Escucho un clank a mis espaldas, pero no atino a darme vuelta.
Es primavera, la suave brisa acaricia mi piel, mientras el sol de media mañana me baña el rostro. Cierro los ojos y respiro profundo. Trato de dejar mi mente en blanco y vuelvo a respirar profundo.
Cruzo la calle en dirección al parque, llegan arrastradas por el suave viento oleadas de aroma a jazmín, a tierra recién regada.
Camino por los senderos de pequeñas piedras, bordeados de flores de muchos colores, no sé como se llaman, pero son hermosas.
Desde los fresnos escucho a los tordos con sus cantos que adivino será un llamando a su compañera, no lo sé, solo es lo que quisiera.
En el centro de la plaza donde se encuentra el busto de un señor con bigotes, que no sé quien es y tampoco me detengo a leer quien fue, las palomas han tomado por asalto el empedrado y caminan pavoneándose y dando cuenta de las migas que encuentran a su paso.
Dejo atrás la plaza, cada joven mujer que pasa me embelesa y desde que la veo venir hasta que se pierde de vista, armo una historia con ella en mi cabeza. No recuerdo si a alguna de ellas le llegué a sonreir.
Mi estómago me recuerda que tengo otras necesidades.
El bodegón era sencillo, de dudosa limpieza, pero para mí, esa mesa frente a la ventana era como estar en un teatro, observando la mejor de las obras.
Cuando el mozo se acercó a preguntar que deseaba, aún no había leído la carta. Sin dudarlo le pedí una milanesa con puré y un vaso de vino tinto.
Volví a divagar pensando en la vida de las personas que pasaban por la transitada calle, me los imaginé buenos, a otros huraños, ricos, engreídos, honestos, rufianes. Quizás mi perspicacia haya acertado en una o dos.
De pronto un aroma exquisito invadió mi aglomerada intimidad y depositaron en la mesa un plato con una milanesa que sobrepasaba los límites de la vajilla y una fuente con un humeante puré de papas. Dos rodajas de limón adornaban el plato.

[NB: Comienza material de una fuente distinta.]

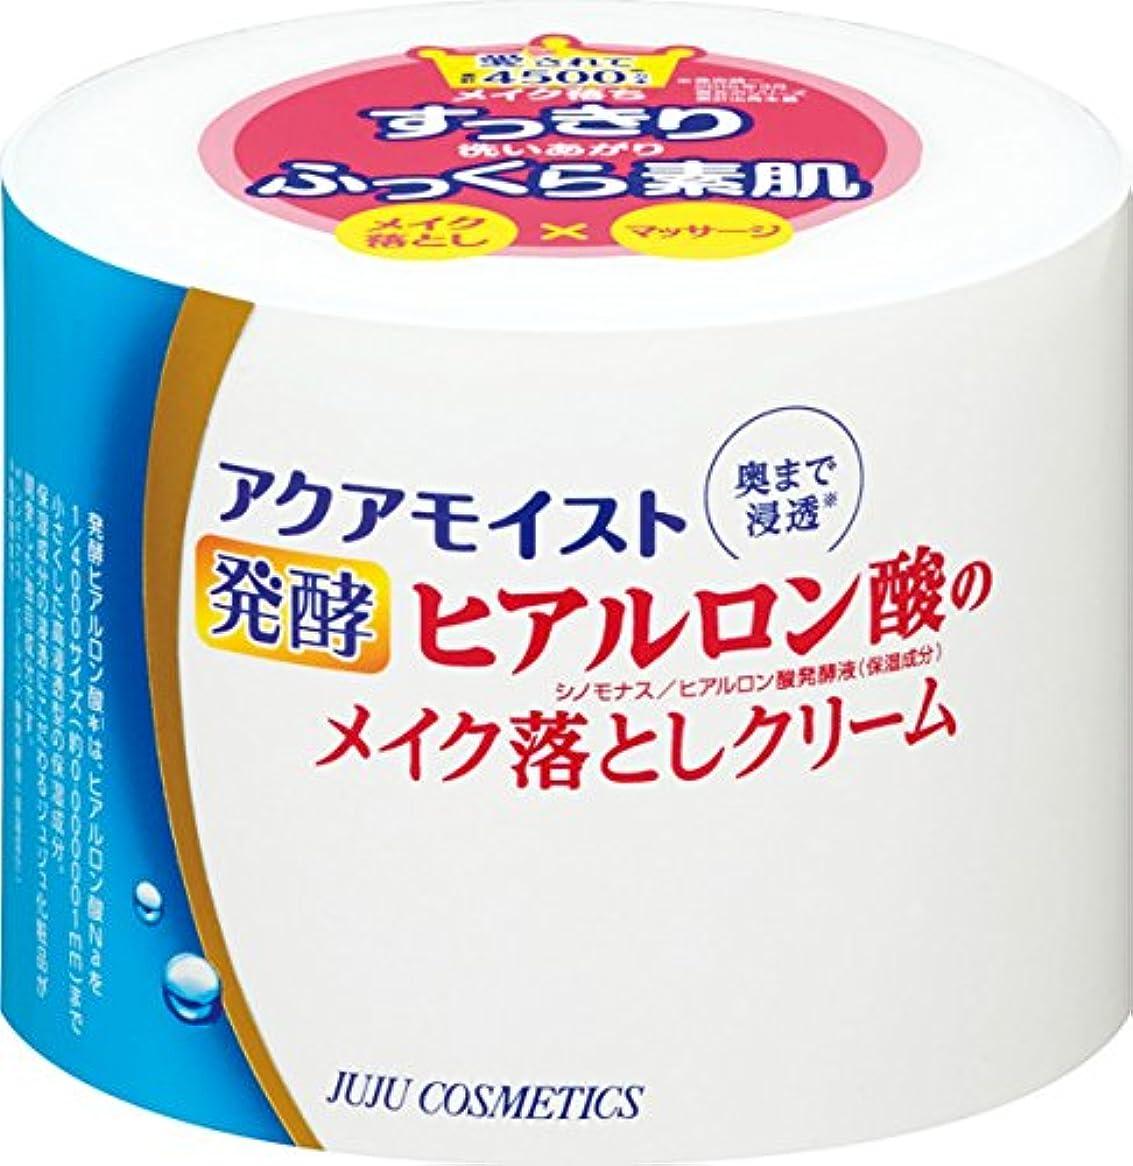 組立優雅な差別化するアクアモイスト 発酵ヒアルロン酸のメイク落としクリーム 160g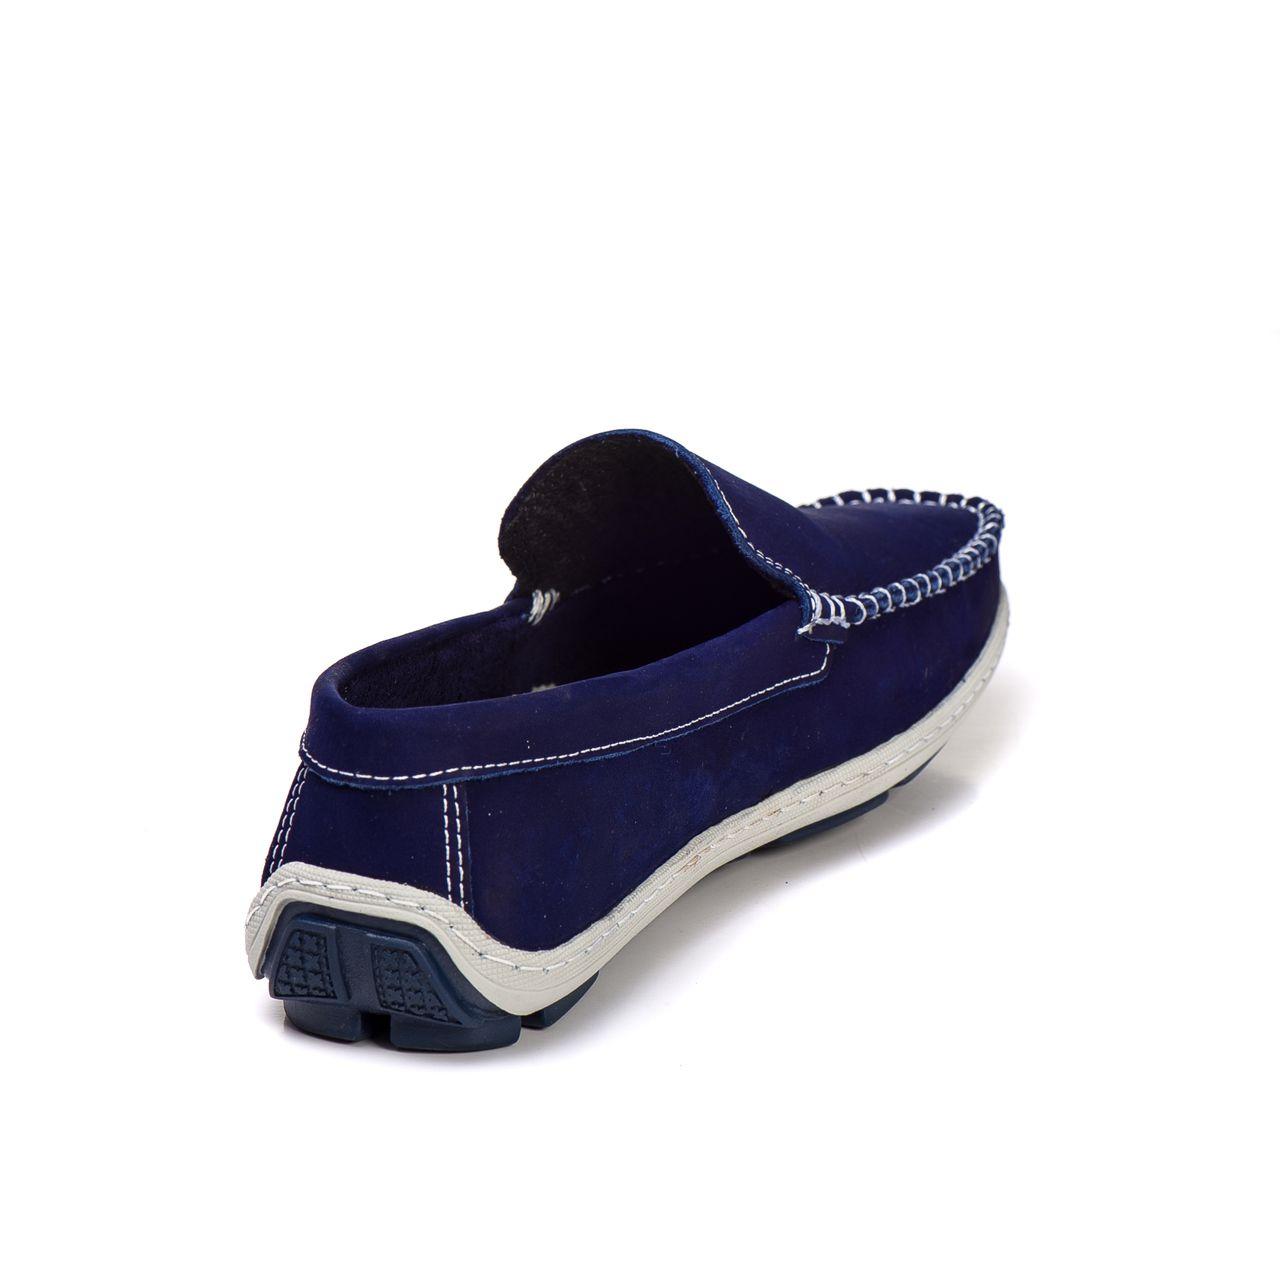 419a242b20d Sapato Mocassim Couro Legítimo Azul bic - Kapell Calçados

Miré extasiado el manjar, con más interés del que pudiese tener frente a la Mona Lisa ( Leonardo sabrá excusarme),
nuevamente mis ojos se cerraron para darle supremacía al olfato, mientras mis manos buscaban a tientas los cubiertos.
Seguí observando el frugal almuerzo y el primer trozo llegó a mi boca. Como describir lo que mis papilas gustativas me regalaron ese día, podría compararlo con el primer show de fuegos artificiales que vi de niño.
Luego se sucedieron los bocados, alternados con pequeños sorbos de ese néctar oscuro que me trajeran en el vaso.
Por un largo rato no hubo transeúntes, ni bodegón, ni mozo, solo mi almuerzo y yo, tan concentrado en esa comunión que me amigaba conmigo mismo y con la sociedad.
Los enseres vacíos, mi sonrisa amplia. Saqué dinero de la mochila y pagué complacido mi primer almuerzo en libertad.